[[ INFORMATION SHOWN open ]]
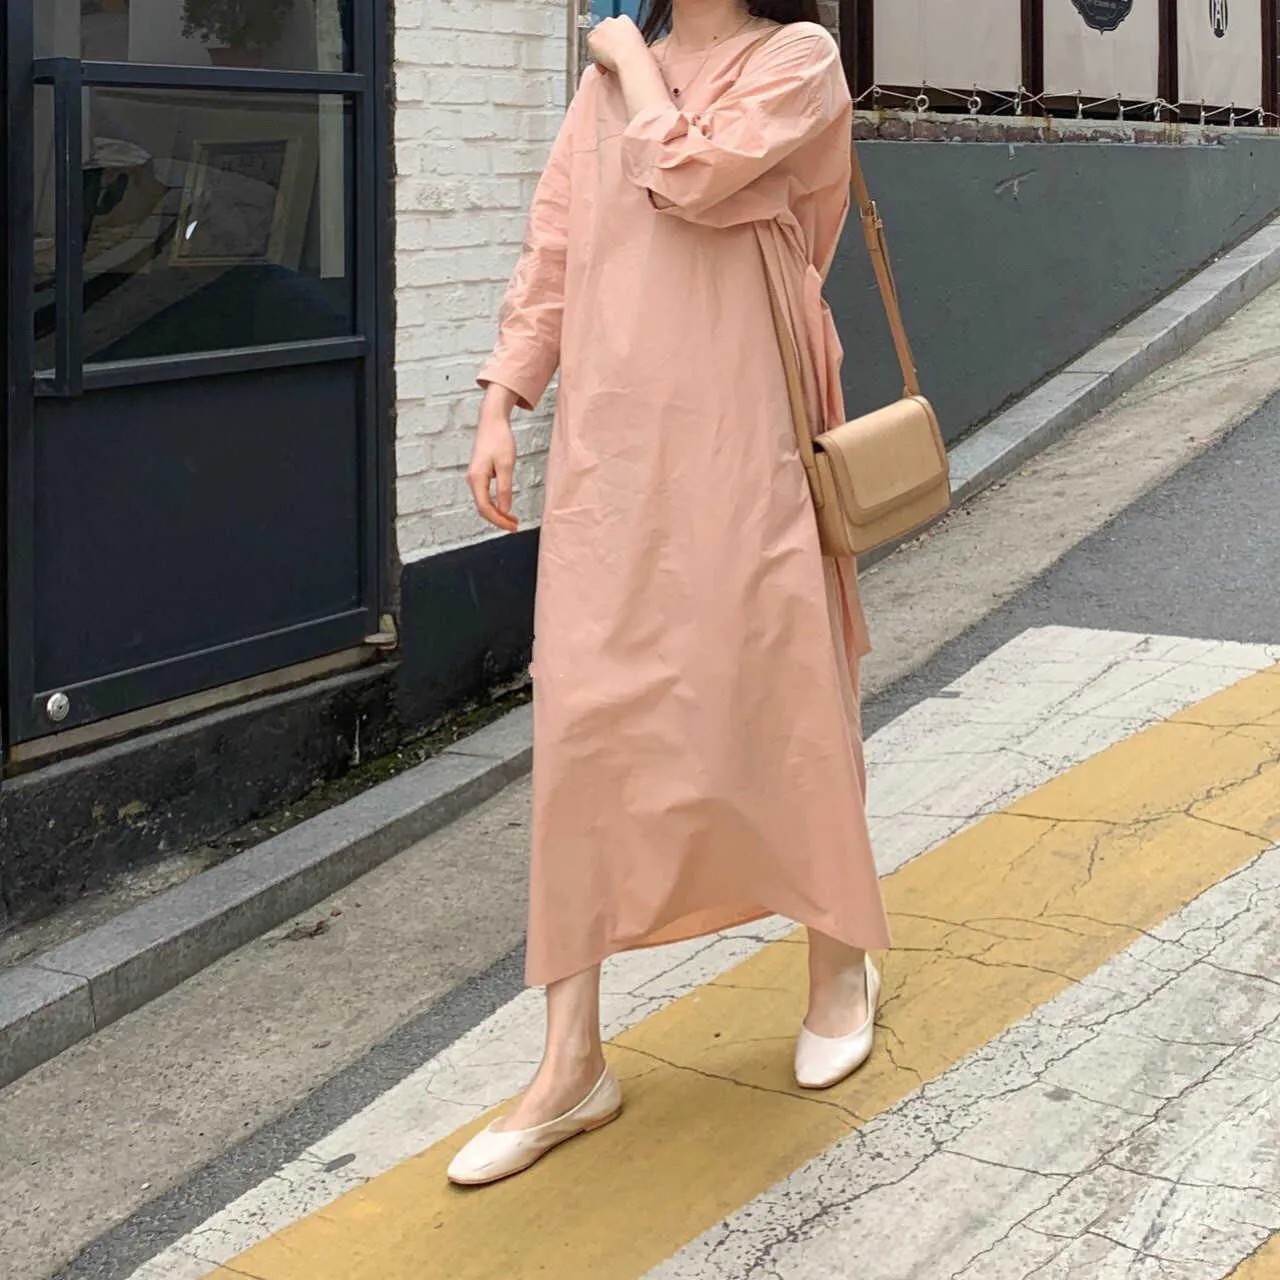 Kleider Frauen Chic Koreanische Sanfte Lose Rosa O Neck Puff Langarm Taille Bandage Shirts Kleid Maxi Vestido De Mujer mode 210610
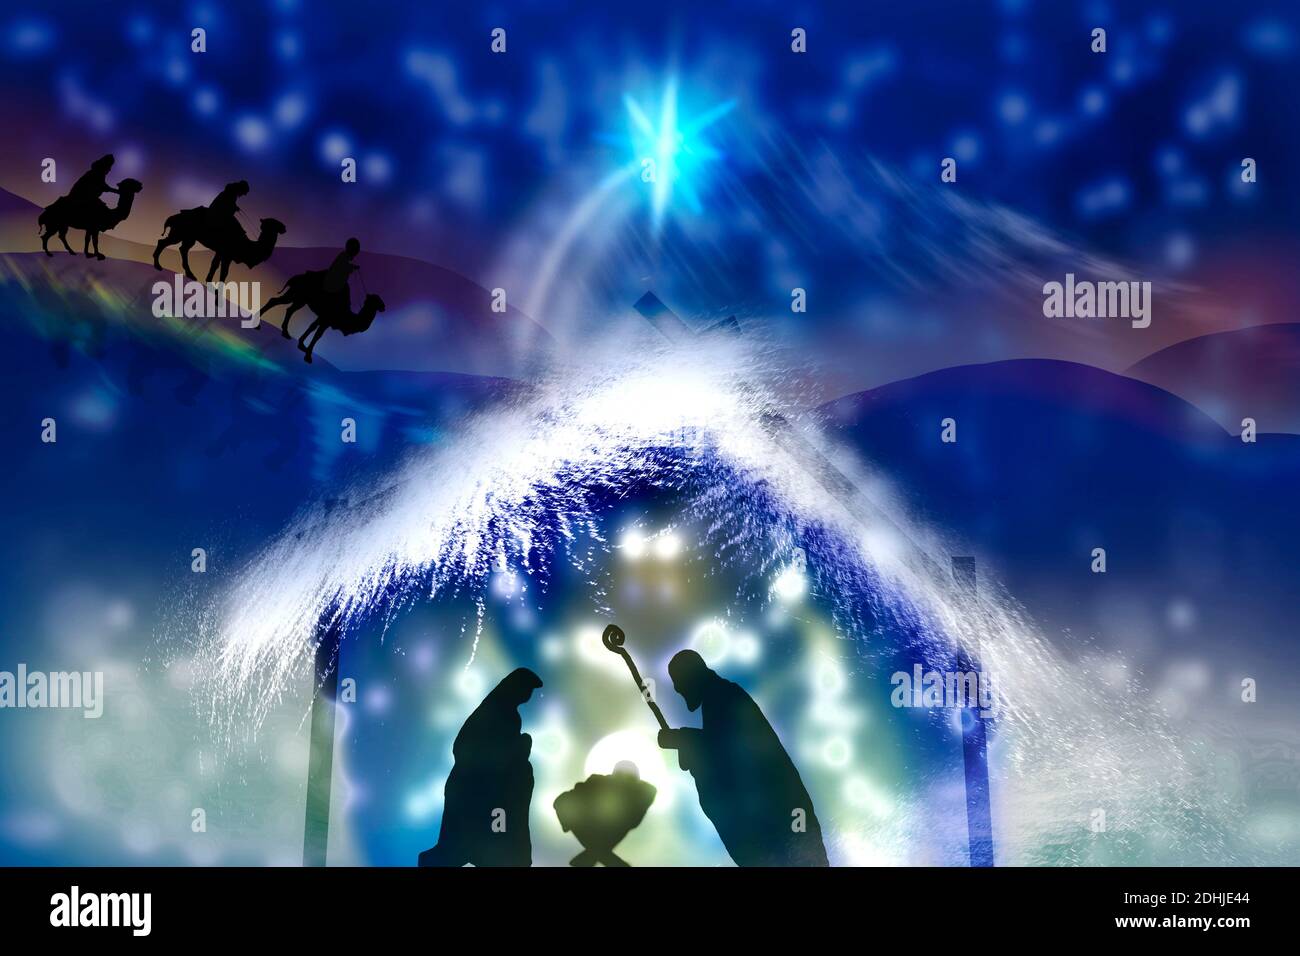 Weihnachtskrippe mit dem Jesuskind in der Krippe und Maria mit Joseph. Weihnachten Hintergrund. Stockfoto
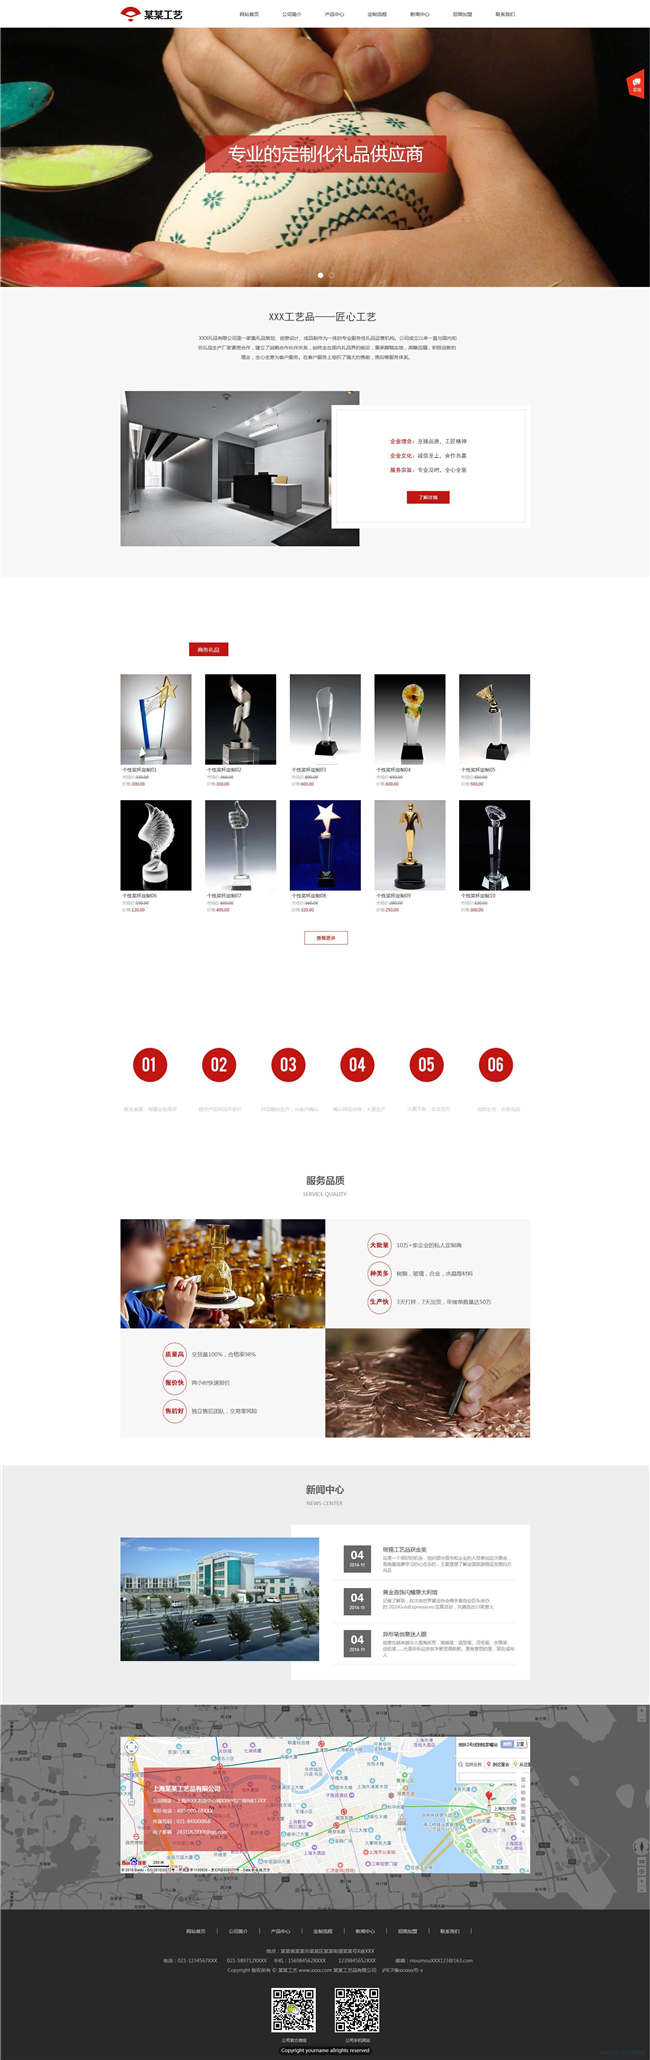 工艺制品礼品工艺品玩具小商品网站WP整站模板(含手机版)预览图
[[ INFORMATION SHOWN closed ]]
Set down all of the material above exactly as written, leaving the pictures out.

 Kleider Frauen Chic Koreanische Sanfte Lose Rosa O Neck Puff Langarm Taille Bandage Shirts Kleid Maxi Vestido De Mujer mode 210610
 Weihnachtskrippe mit dem Jesuskind in der Krippe und Maria mit Joseph. Weihnachten Hintergrund. Stockfoto
 工艺制品礼品工艺品玩具小商品网站WP整站模板(含手机版)预览图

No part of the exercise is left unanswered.